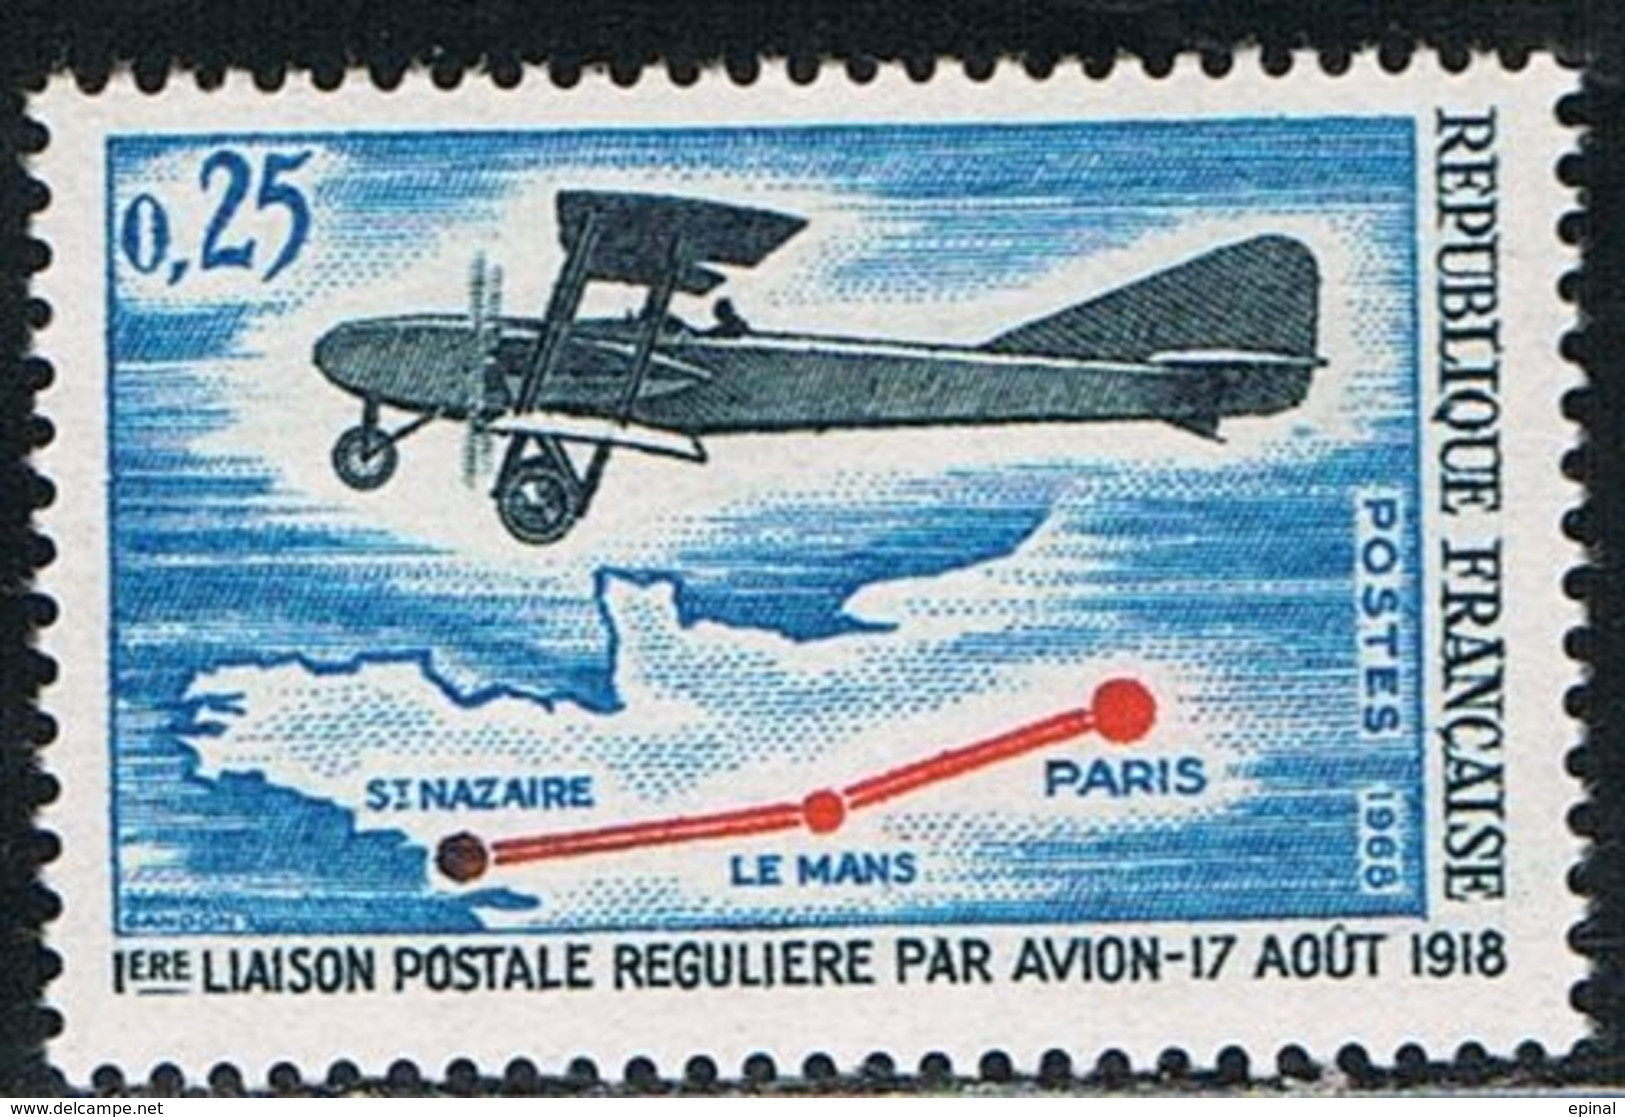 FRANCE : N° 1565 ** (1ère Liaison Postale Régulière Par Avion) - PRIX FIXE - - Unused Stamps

★ ★ ★ ★

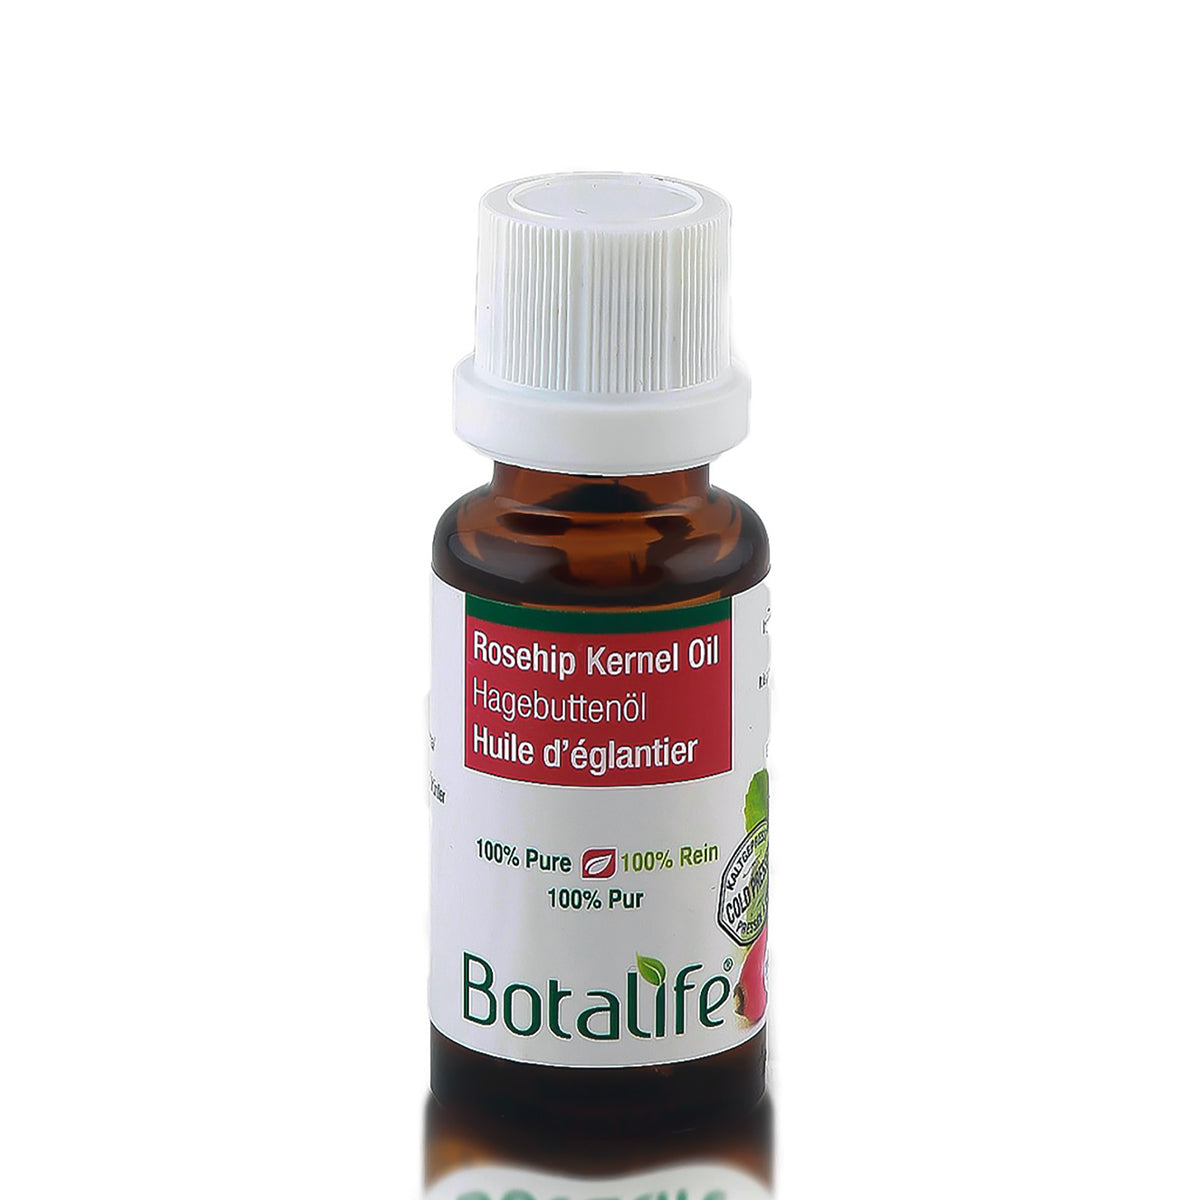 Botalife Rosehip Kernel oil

★ ★ ★ ★

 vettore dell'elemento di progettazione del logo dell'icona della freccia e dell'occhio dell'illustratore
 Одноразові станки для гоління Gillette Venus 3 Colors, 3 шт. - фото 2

★ ★ ★ ★

## WHAT IS EXPECTED
Please give again the lines above between the line holding "vettore dell'elemento di" and the line holding "Одноразові станки для", inclusive, exactly as they are and with nothing added.

## RESPONSE FOR THIS EXERCISE
 vettore dell'elemento di progettazione del logo dell'icona della freccia e dell'occhio dell'illustratore
 Одноразові станки для гоління Gillette Venus 3 Colors, 3 шт. - фото 2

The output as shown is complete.